Implementation-defined behavior is like unspecified behavior, where the implementation additionally is required to document what the actual result will be on this particular implementation. You can’t rely on a particular answer in portable code because another implementation could choose to do something different, but you can rely on what it will be on this compiler and platform.

2. For each of the following, write a short function … where if the assertion is not checked and is false then the effect:

(a) is always undefined behavior

Easy peasy! Let’s dereference a null pointer:

// Example 2(a): If assert is violated, always undefined behavior

void deref_and_set( int* p ) {
    assert( p );
    *p = 42;
}

The function asserts that p is not null, and then on the next line unconditionally dereferences p and scribbles over the location it points to. If p is null and the assertion checking is off so that we can get to the next line, the compiler is allowed to make running the whole program format our hard drive.

(b) possibly results in undefined behavior

A general way to describe this class of program is that the call site has two bugs: first, it violates a precondition (so the callee’s results are always at least unspecified), and then it additionally then uses the unspecified result without checking it and/or in a dangerous way.

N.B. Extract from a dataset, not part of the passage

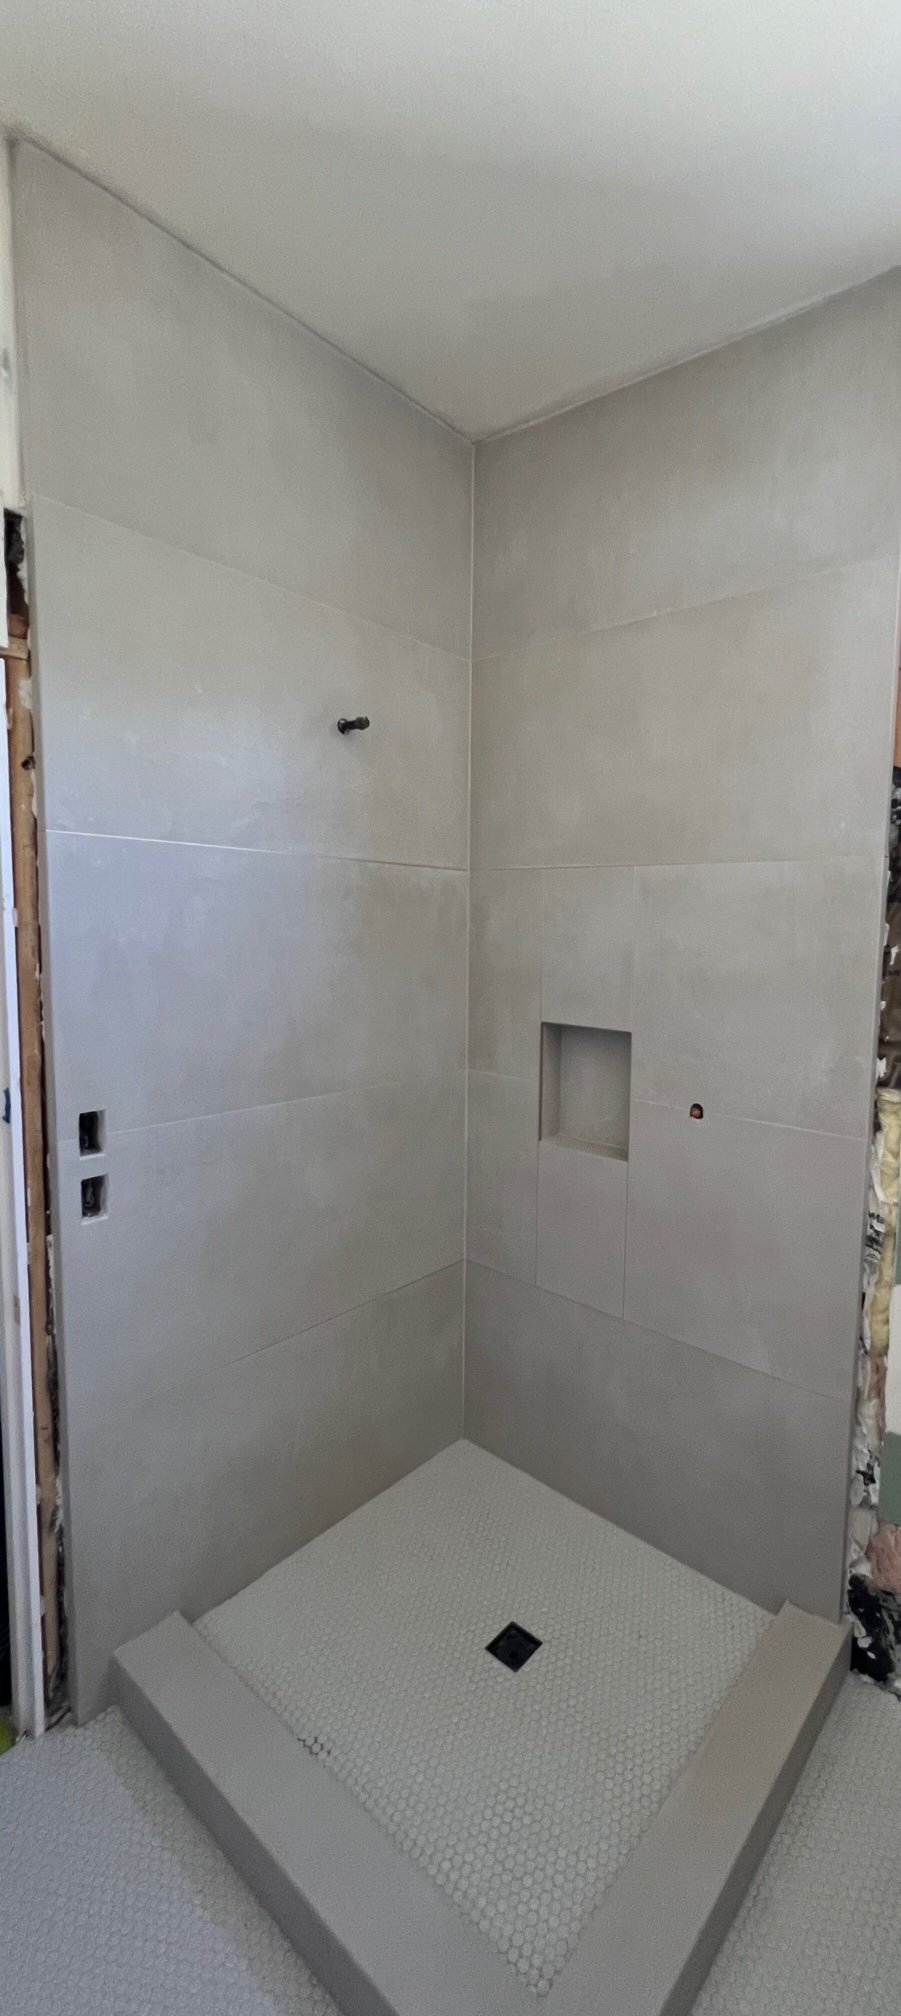 Culver City Bathroom Installation

To make up an example, let’s bisect a numeric range:

// Example 2(b): If assert is violated, might lead to undefined behavior

int midpoint( int low, int high ) {
    assert( low <= high );
    return low + (high-low)/2;
        // less overflow-prone than “(low+high)/2”
        // more accurate than “low/2 + high/2”
}

The author of midpoint could have made the function more robust to take the values in either order, and thus eliminated the assertion, but assume they had a reason not to, as alluded to in the comments.

Violating the assertion does not result in undefined behavior directly. The function just doesn’t specify (ahem!) its results if call sites call it in a way that violates the precondition the assertion is testing. If the precondition is violated, then the function can add a negative number to low. But just calculating and returning some other int is not (yet) undefined behavior.

For many call sites, a bad call to midpoint won’t lead to later undefined behavior.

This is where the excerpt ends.